About this exercise: With pictures removed, the data below should be returned exactly.

Source material:

[Start of Attachment]

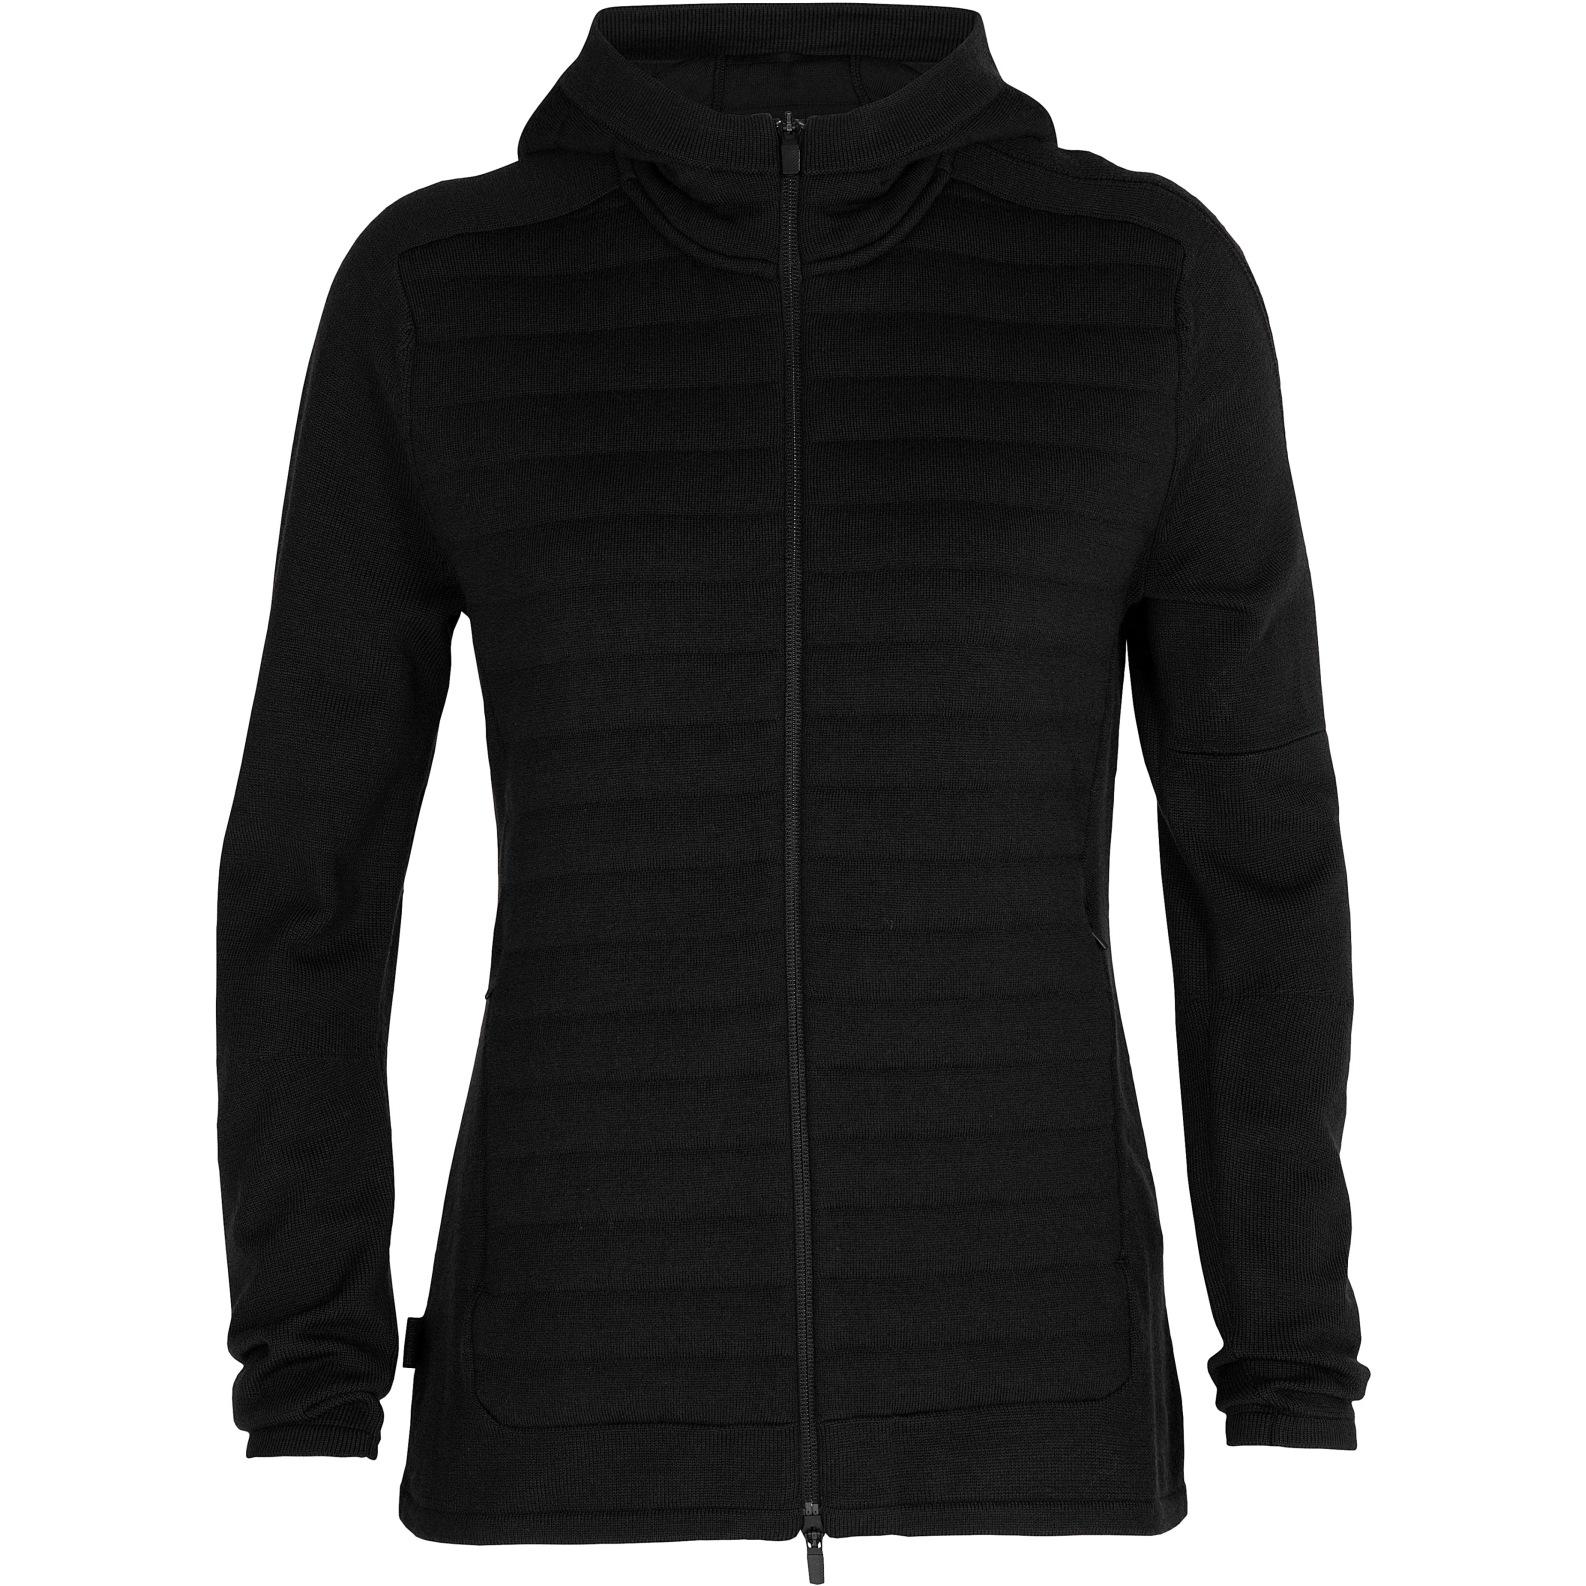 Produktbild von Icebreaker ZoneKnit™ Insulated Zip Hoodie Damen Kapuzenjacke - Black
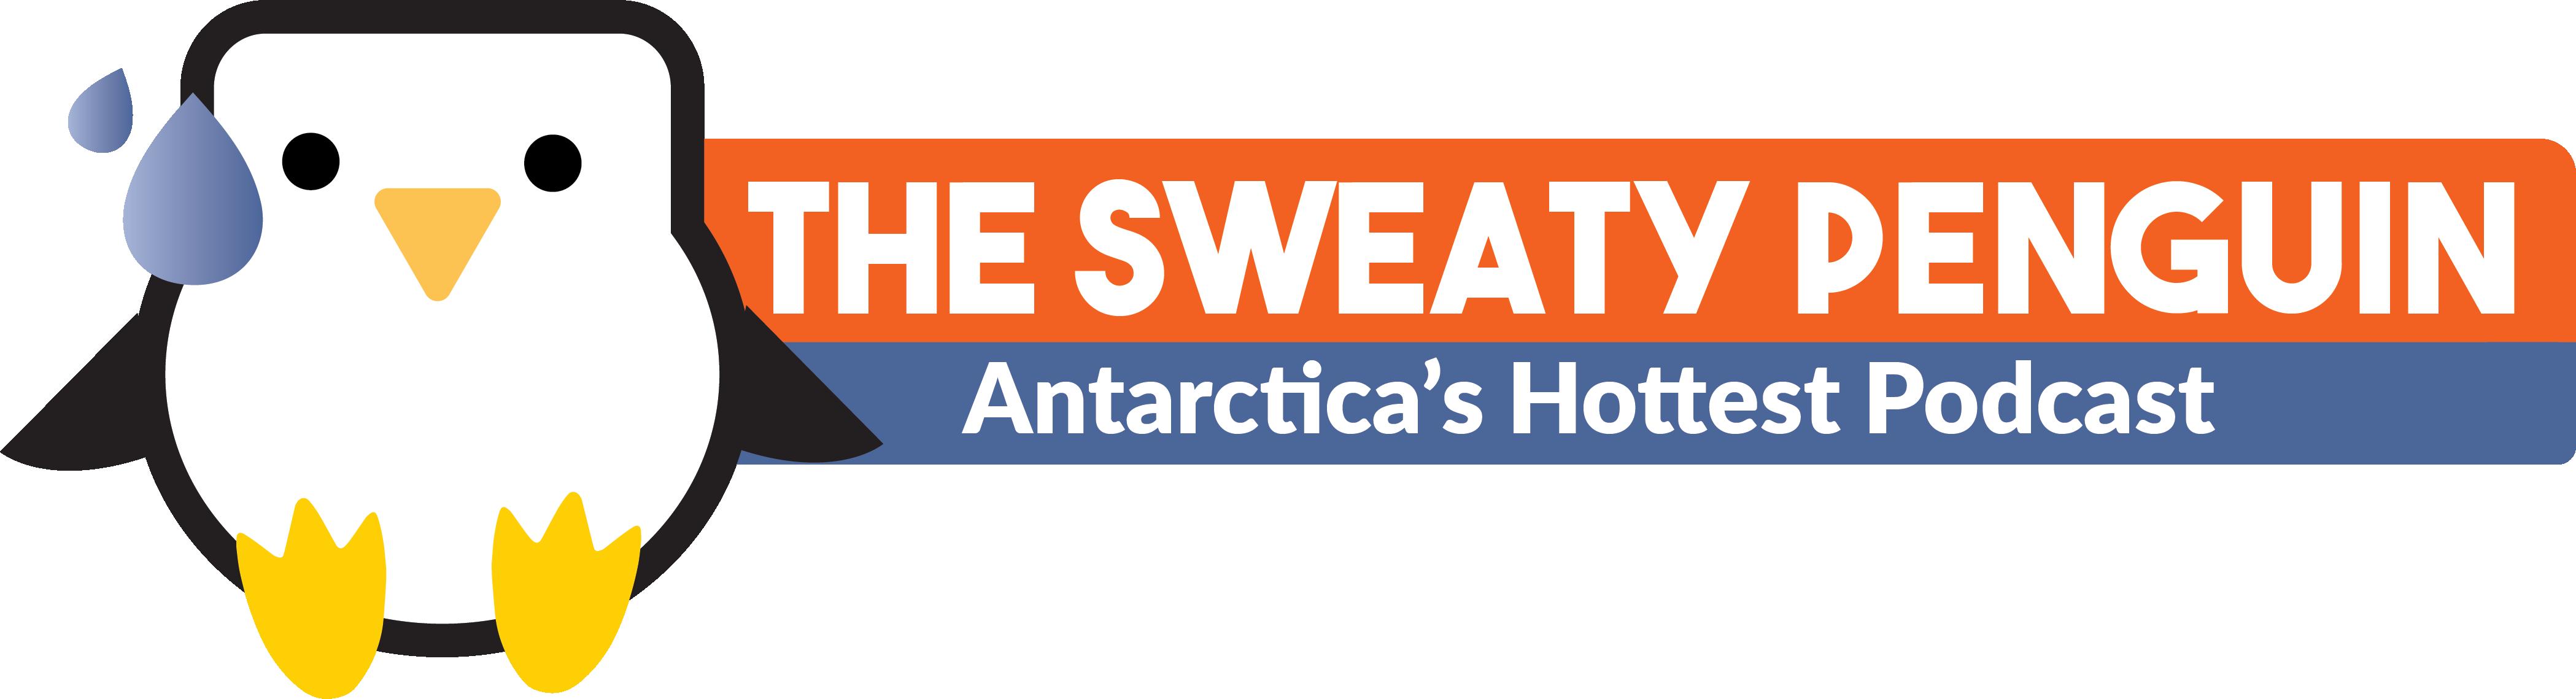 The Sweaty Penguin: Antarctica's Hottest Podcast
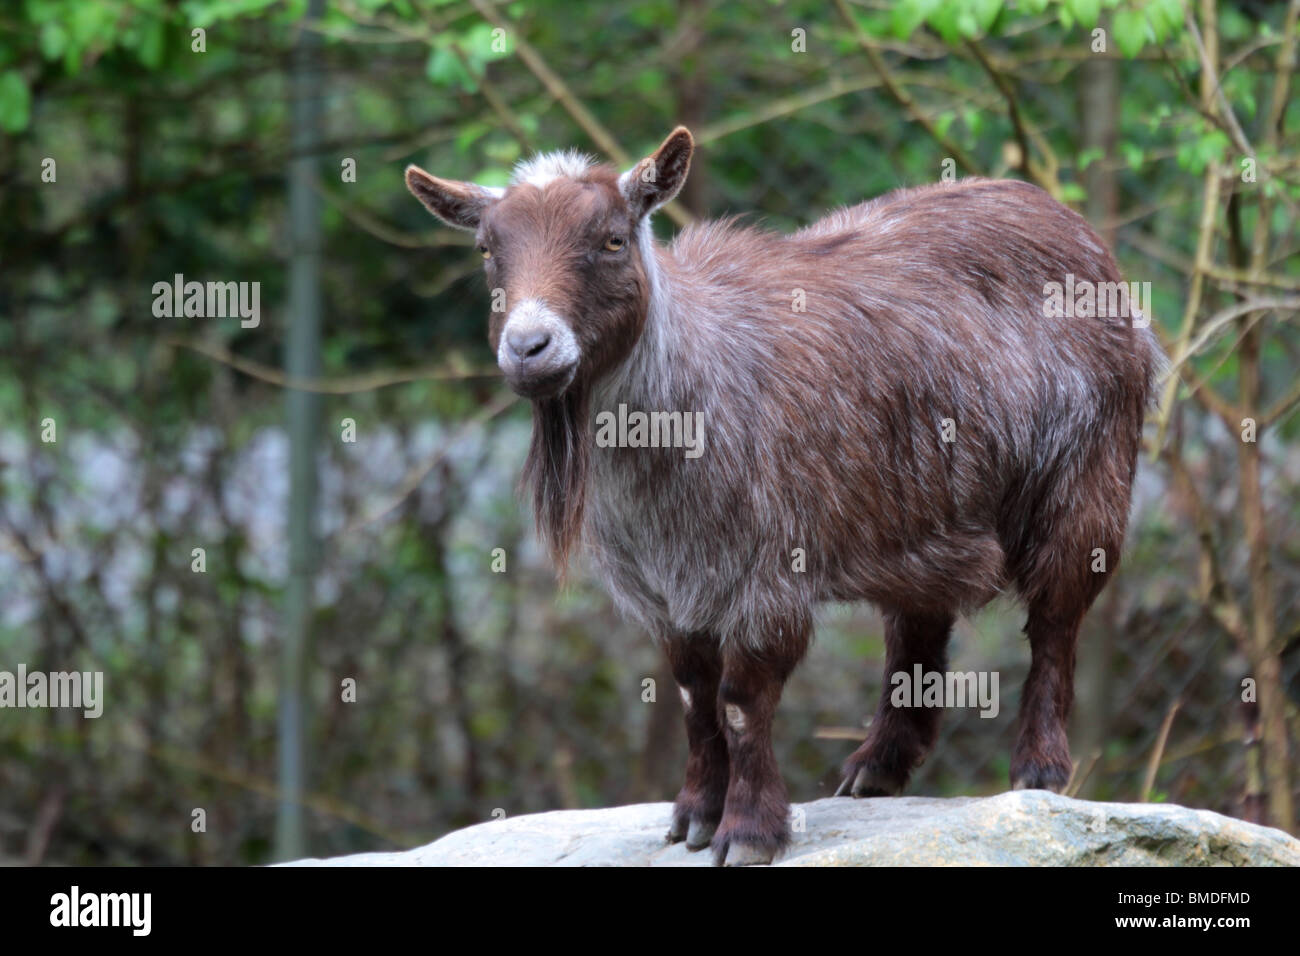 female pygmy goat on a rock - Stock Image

[End of Attachment]

Your response:
 Produktbild von Icebreaker ZoneKnit™ Insulated Zip Hoodie Damen Kapuzenjacke - Black
 The Sweaty Penguin: Antarctica's Hottest Podcast
 female pygmy goat on a rock - Stock Image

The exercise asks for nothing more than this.